» **Assigned task**: Restate the data below word for word, omitting pictures.

» **Supplied data**:

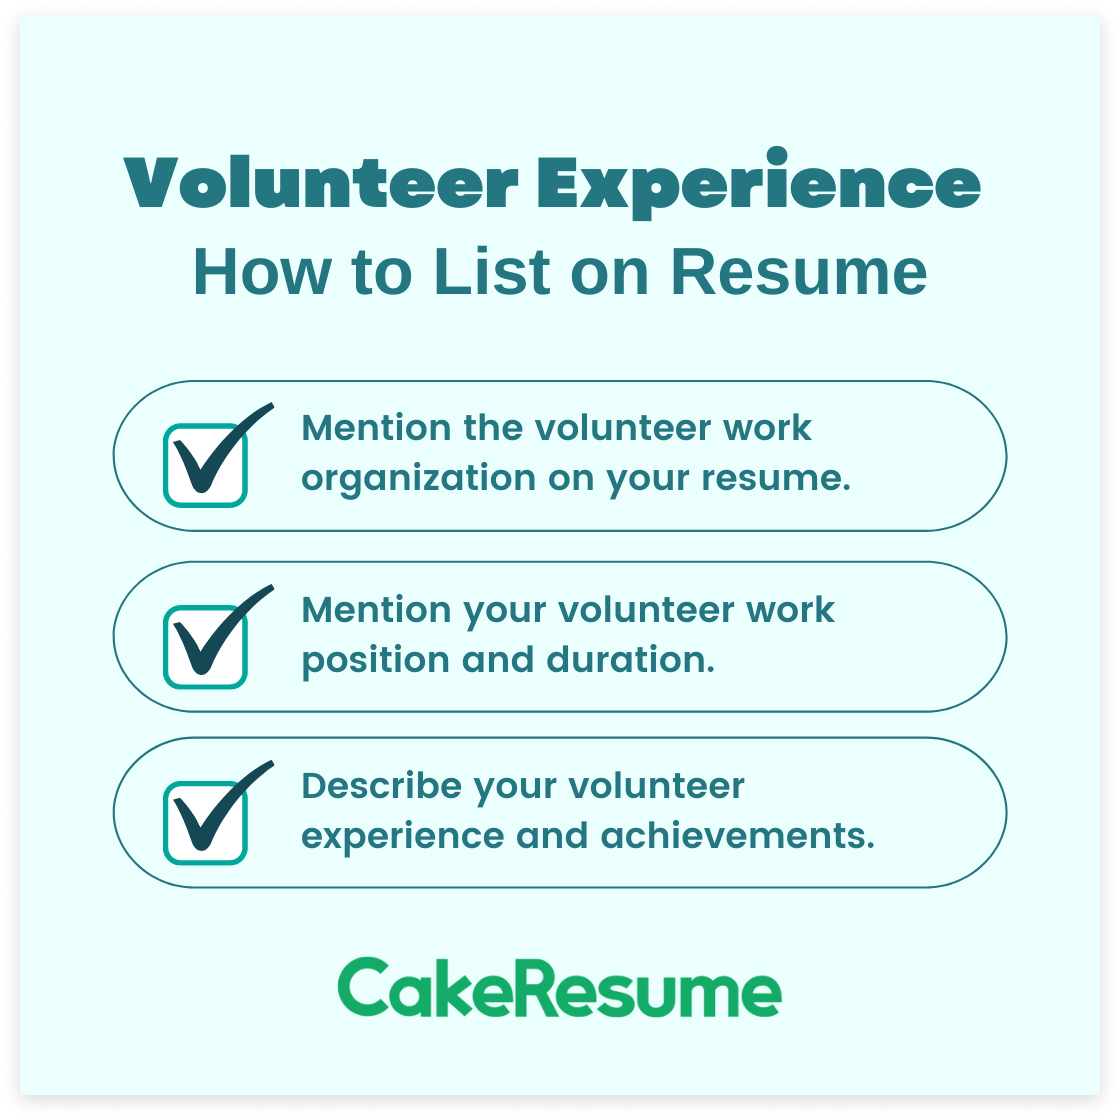 Volunteer Experience on Resume
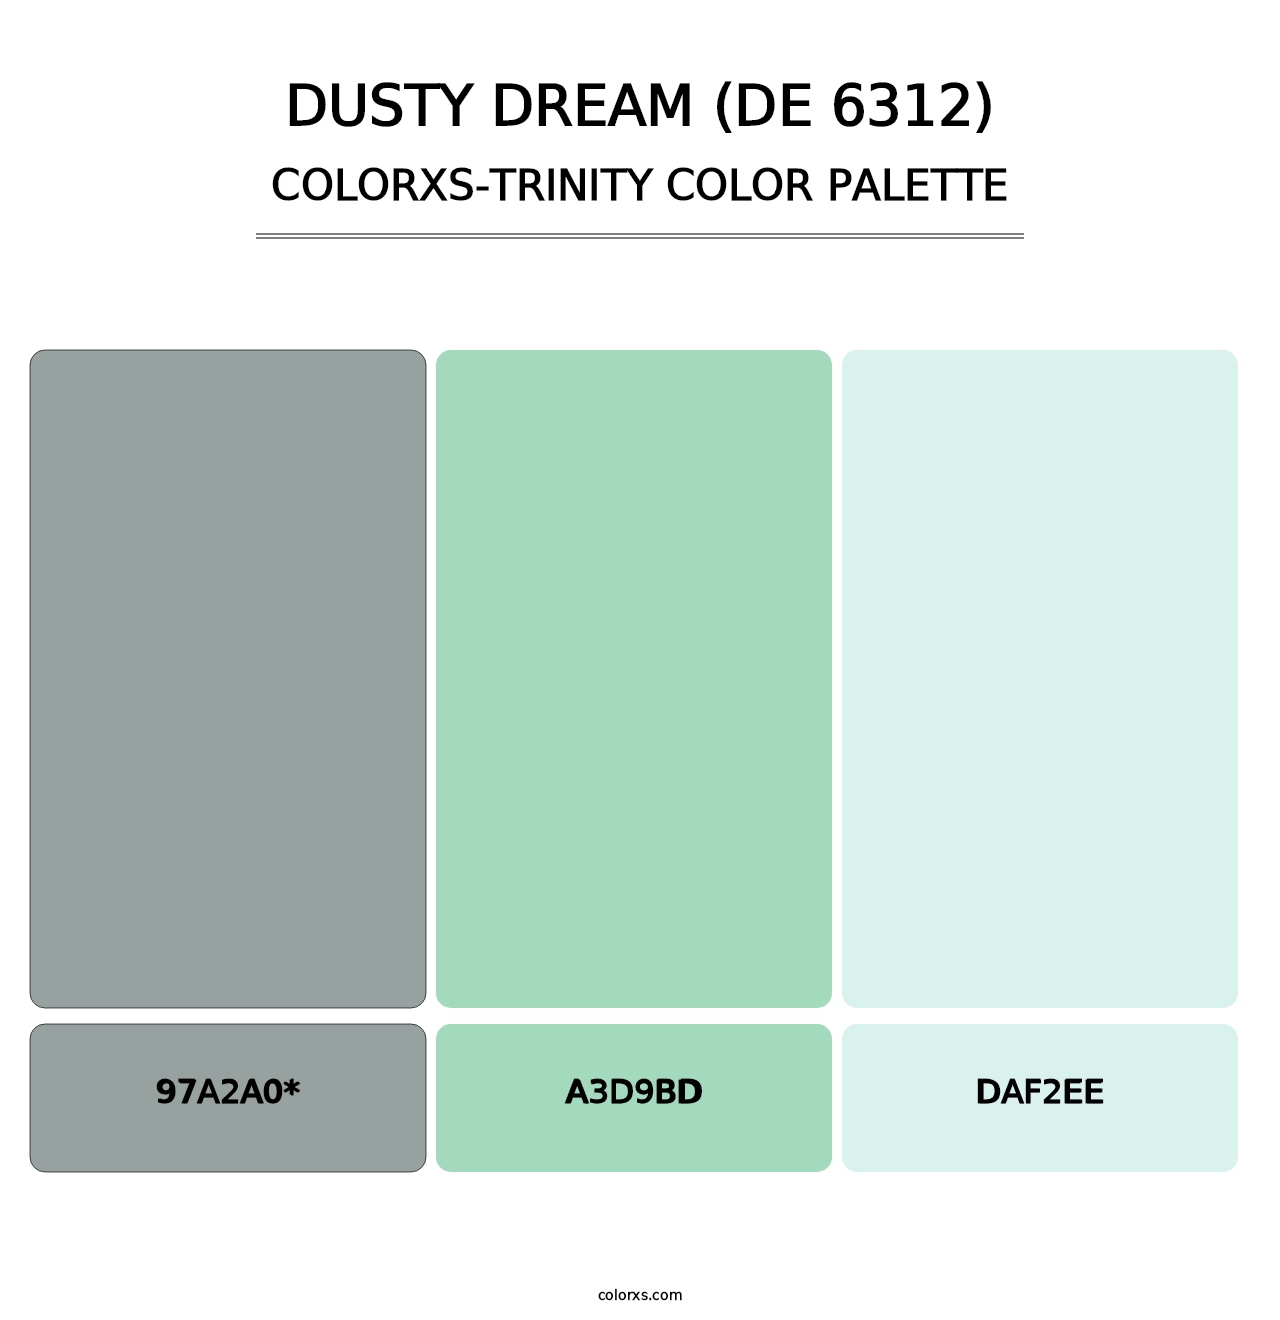 Dusty Dream (DE 6312) - Colorxs Trinity Palette
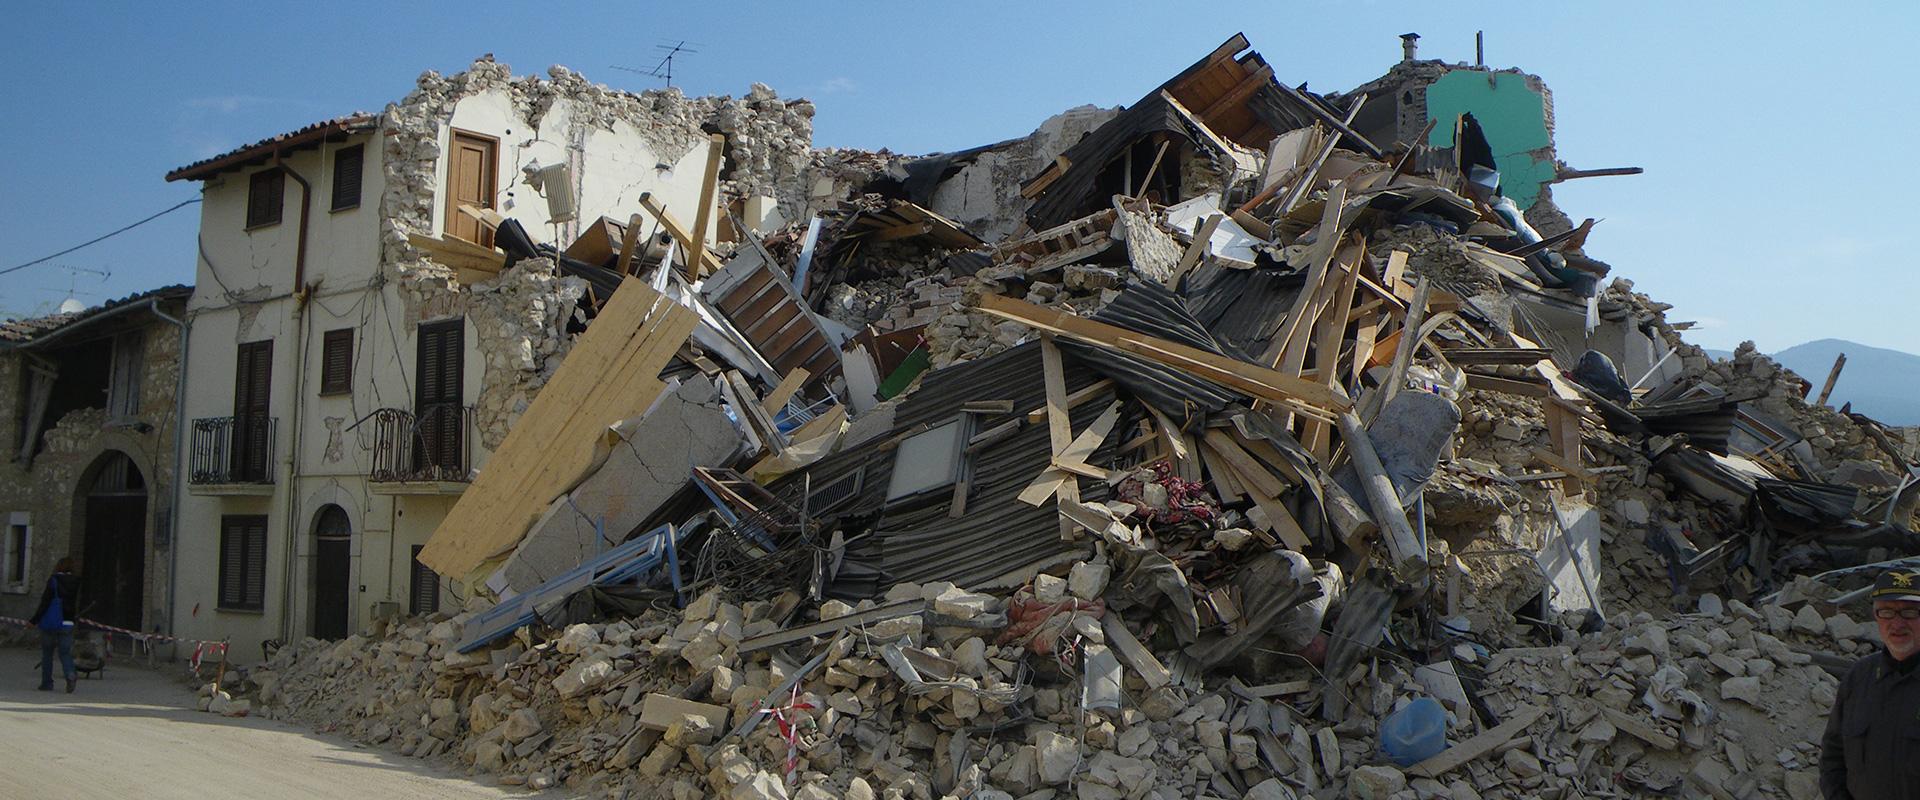 Effondrement de maisons suite au séisme des Abruzzes, Italie

» **Exercise output**:
 Volunteer Experience on Resume
 Dusty Dream (DE 6312) - Colorxs Trinity Palette
 Effondrement de maisons suite au séisme des Abruzzes, Italie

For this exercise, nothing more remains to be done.